At any rate, we should spend Pentecost day bearing in mind this notion that the Holy Ghost is received at the feet of Our Lady; and that he who receives the Holy Ghost, receives the very source of all grace and is thus entirely converted.

Therefore, by asking, asking and asking, closely united with Our Lady, we will suddenly obtain the grace we have so arduously desired but through our malice and lack of correspondence have failed to correspond to sufficiently and so we linger in this blindness, exactly like the Apostles, who also fought somewhat to obtain it but corresponded only incompletely and thus remained in that state. At a certain moment, everything was transformed. This is where that beautiful prayer of the Liturgy comes in: Emite spiritum tuum et creabuntur, et renovabis faciem terrae – send forth Thy Spirit and all things will be created – and Thou shalt renew the face of the earth.

So we should present this prayer to Our Lord Jesus Christ through Our Lady: Send the Holy Ghost to this rotten, revolutionary, corrupt, wayward, blind and boobish world and all things will be, as it were, created anew; everything will flourish afresh. And Thou, O my God, will have renewed the face of the earth. The face of the earth is full of ruins, garbage and one would say all that is left begs for an exterminating fire to come down and burn it. Yet, with grace the earth can be renewed.

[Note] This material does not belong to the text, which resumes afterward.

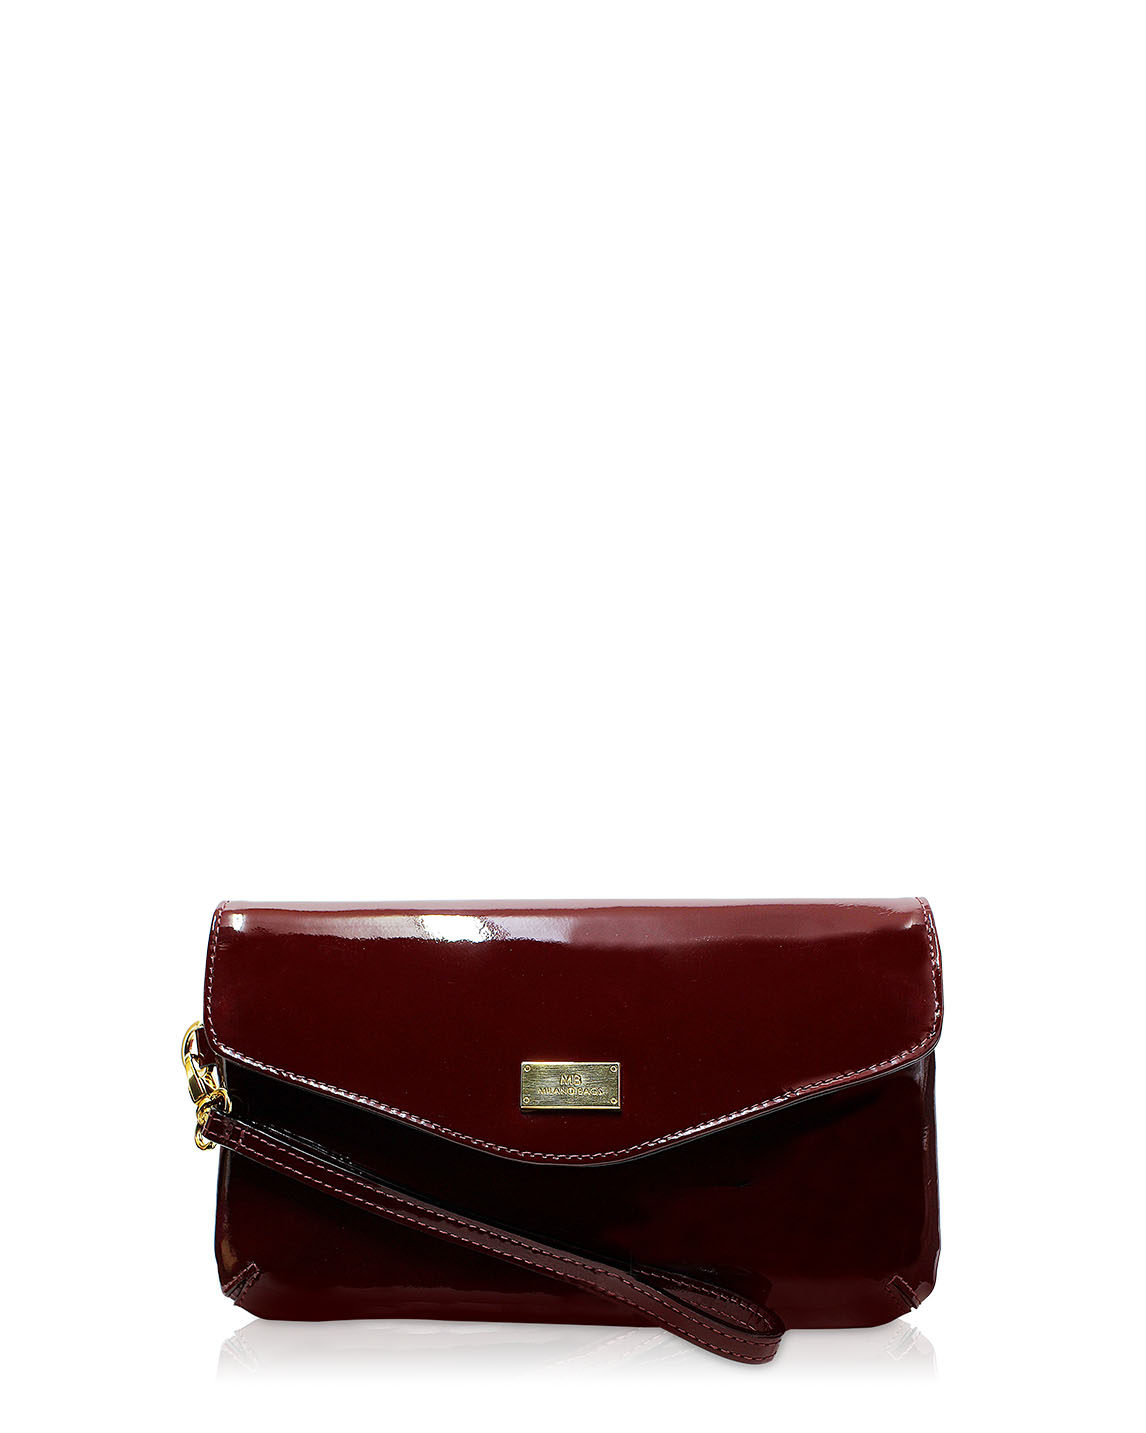 Carteras Clutch & Evening Bag DS-2455 Color Rojo
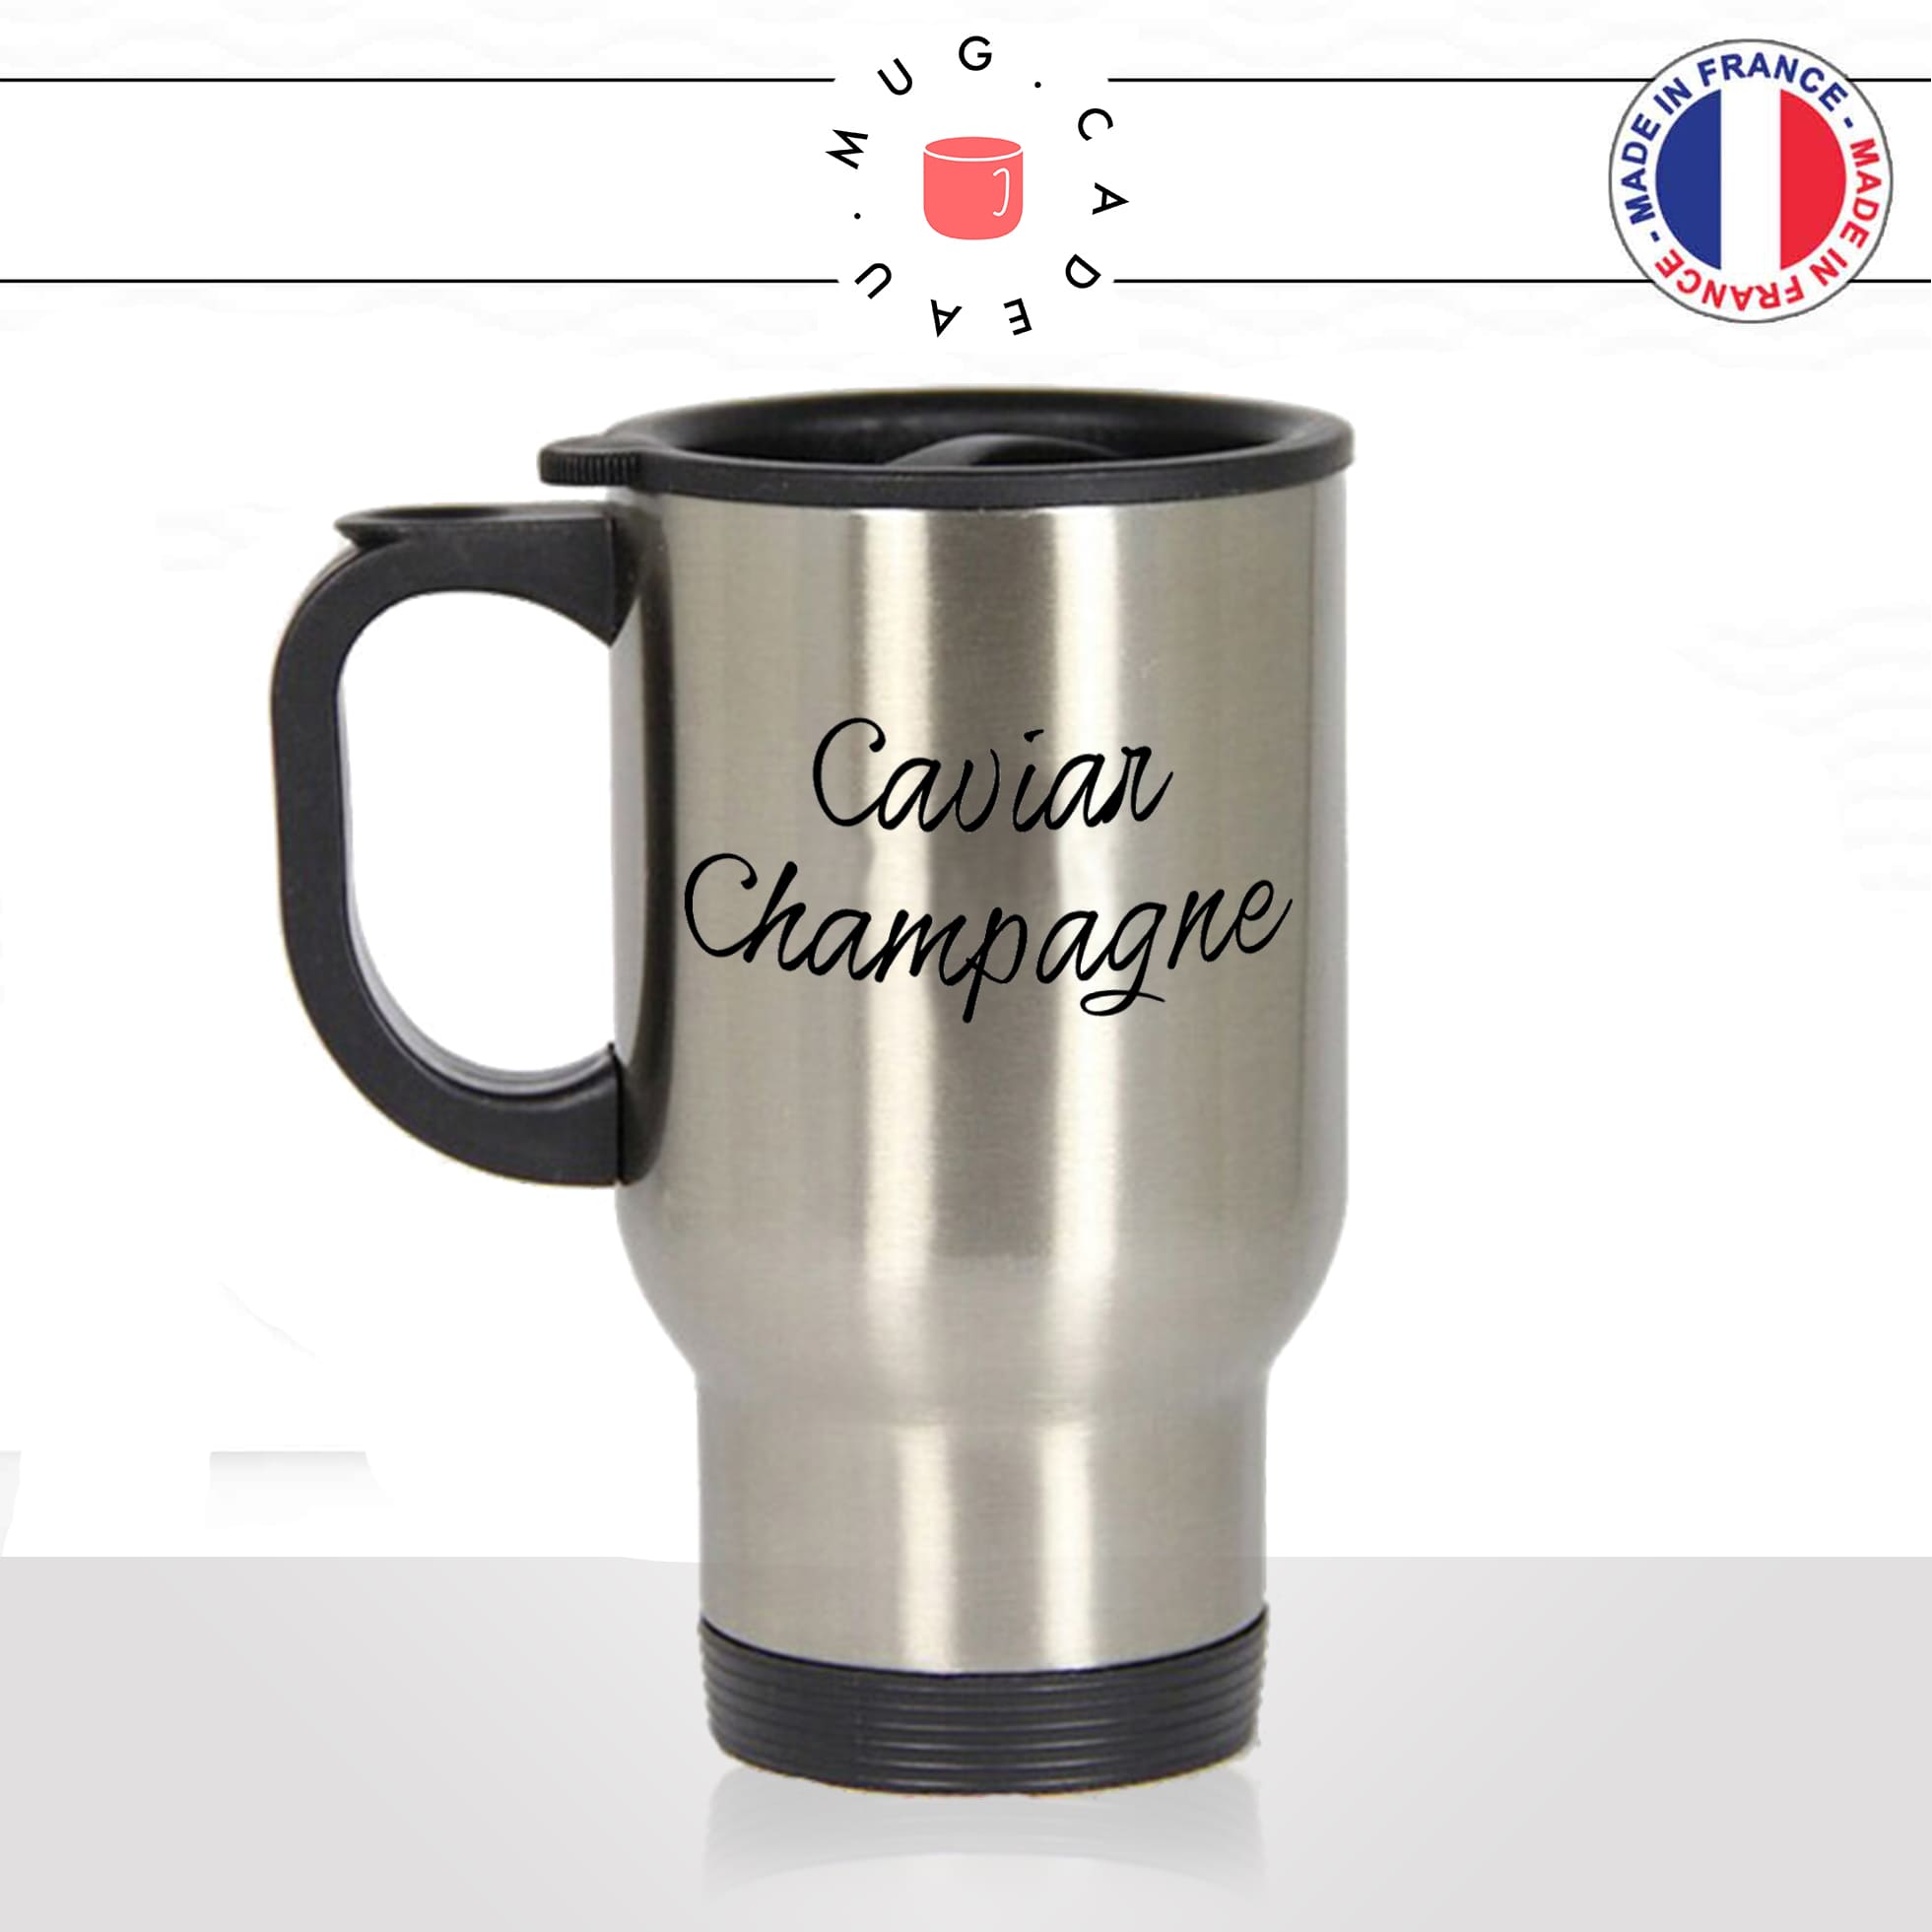 mug-tasse-thermos-isotherme-caviar-champagne-riche-apéro-homme-femme-vacances-humour-fun-cool-idée-cadeau-original-personnalisé

Let us ask her to obtain that the Holy Ghost is sent to the world so we take on a new life and the face of the world is renewed. This is what we should ask tomorrow with confidence, fidelity and faith: Ask during the Rosary, Communion, and with ejaculations throughout the day. I am certain that this prayer will be heeded; because if it is true that if you knock it will be opened and if you ask it will be given, this applies above all to the prayer asking for the Holy Ghost; and it the Holy Ghost is precisely what Our Lady wants to give us the most. All other graces are collateral. What Our Lady wants above all is for us to have the good spirit of which the Holy Ghost is the source, matrix, and thus sanctify ourselves.

So let us ask her for that which She wants to give us, certain that we will be heeded. If it does not come right away, it will come in a while; the longer it takes, the more abundant the grace will be. In this sense, tomorrow may be for us a great day.